Schematic representation of the RC scheme. (a) A general reservoir computer learns to map an input onto a desired output. The network dynamics may contain propagation delays along the links (denoted by τij) or through nodes (such as through the output layer, denoted by τout). (b) For the particular task of predicting a signal, the reservoir is trained so that the target output is equal to the input. After training, the output is fed back into the reservoir, resulting in an autonomous dynamical system. If properly trained, the autonomous reservoir serves as a model for the dynamics that generated the input signal.

Close modal

The two approaches described by Jaeger and Maass are apparently similar, and indeed are two particular implementations of RC. As a class of techniques, RC can be defined quite broadly, and we do so as follows. Given an input signal u(t) and a desired output signal vd(t), a reservoir computer constructs a mapping from u(t) to vd(t) with the following steps:

  • create a randomly parameterized network of nodes and recurrent links called the reservoir with state X(t) and dynamics described by X˙(t)=f[X(t),u(t)];

  • excite the reservoir with an input signal u(t) over some training period and observe the response of the reservoir;

  • form a readout layer that transforms the reservoir state X(t) to an output v(t), such that v(t) well approximates vd(t) during the training period.
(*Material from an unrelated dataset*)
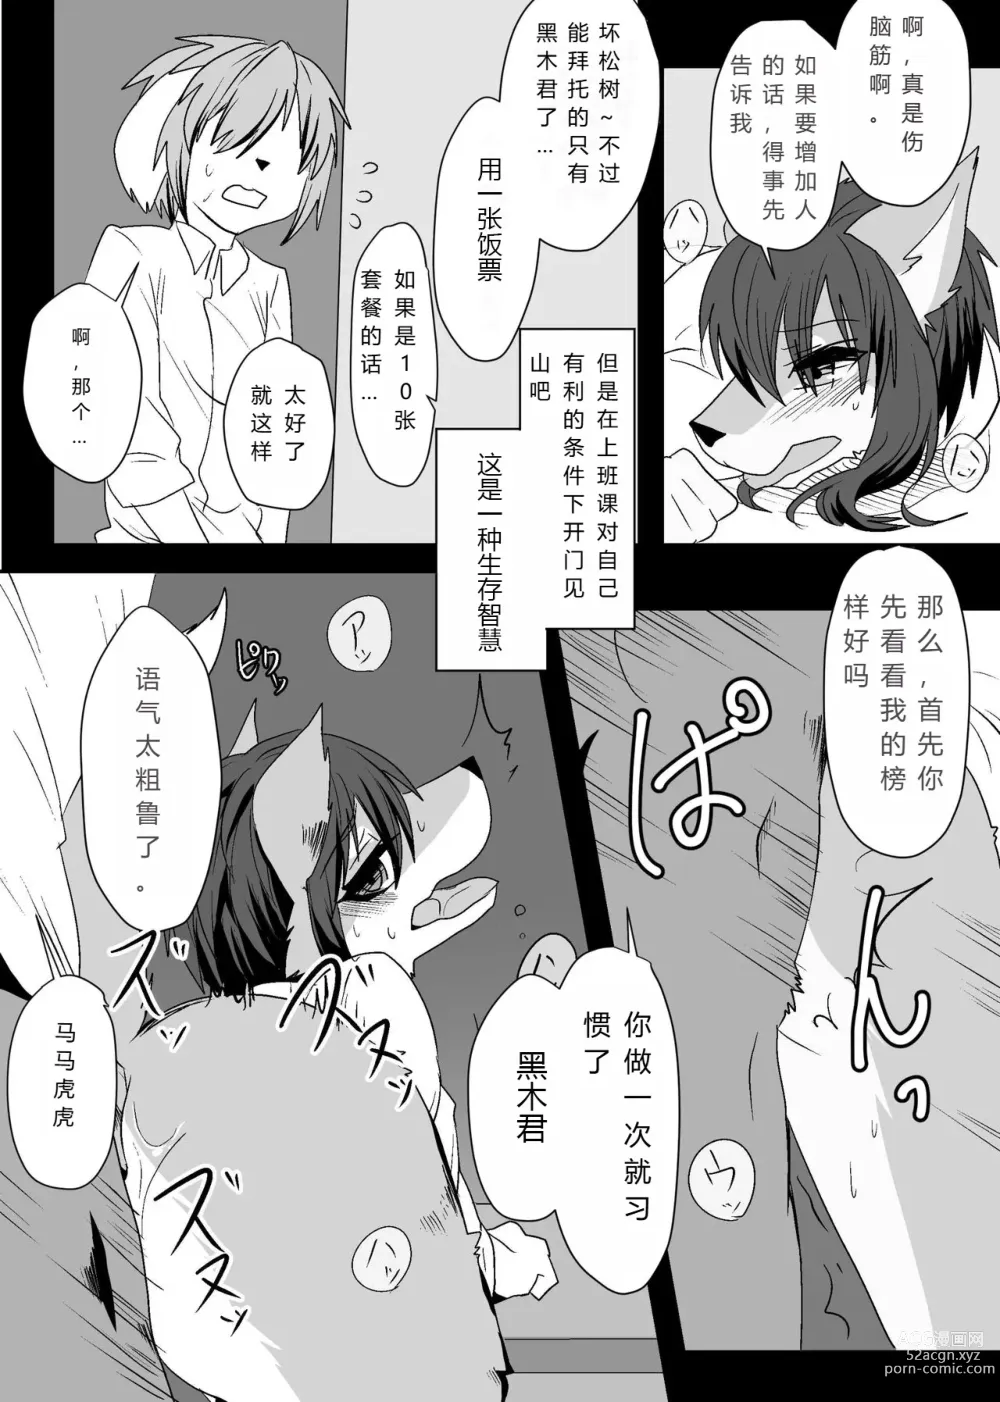 Page 5 of doujinshi 我们要上班吗？

Figure 1(a) contains a schematic representation of the resulting system, which consists of the reservoir, the input signal, the trained readout layer, and output signal. Note that we make no assumptions about the dynamics f. In general, it may include discontinuities, time-delays, or have components simply equal to u(t) (i.e., the reservoir may include a direct connection from the input to the output).

Reservoir computing demonstrates remarkable success at predicting a chaotic time series, among other applications. The goal of this task is to predict the output of an unknown dynamical system after a training period. In the context of RC, this is accomplished by setting vd(t)=u(t), i.e., by training the reservoir computer to reproduce its inputs. Then, after training is complete, we replace u(t) with v(t) and allow the newly-formed autonomous system to evolve in time beyond the end of the training period. This closed-loop system is illustrated in Fig. 1(b) and consists of the same components as in the general picture, but the input and output are the same signal. This scheme can predict accurately the short-term behavior of a variety of systems, including the Mackey-Glass,17 Lorenz,19 and Kuramoto-Sivashinsky spatial-temporal19 systems using a software simulation of the reservoir. A reservoir computer trained in this manner can also learn the long-term behavior of complex systems, generating the true attractor of the target system and replicating its Lyapunov spectrum.19 

Although training the network consists only of identifying optimal parameters in the readout layer, there are a variety of factors in designing the reservoir that impact the success of the scheme. These factors include:

Matching time scales. In general, both the reservoir and the source of the signal u(t) are dynamical systems with their own characteristic time scales. These time scales must be similar for the reservoir to produce v(t).20 For software based approaches to RC, these scales are matched by tuning the reservoir’s temporal properties through accessible reservoir parameters, such as the response time τnode of reservoir nodes. However, with hardware-based approaches, the parameters controlling the time-scale of reservoir dynamics are often more rigid. We compensate for this by adjusting the time scale of the input signal (see Sec. IV) and adding delays to the links within the reservoir (see Sec. III A).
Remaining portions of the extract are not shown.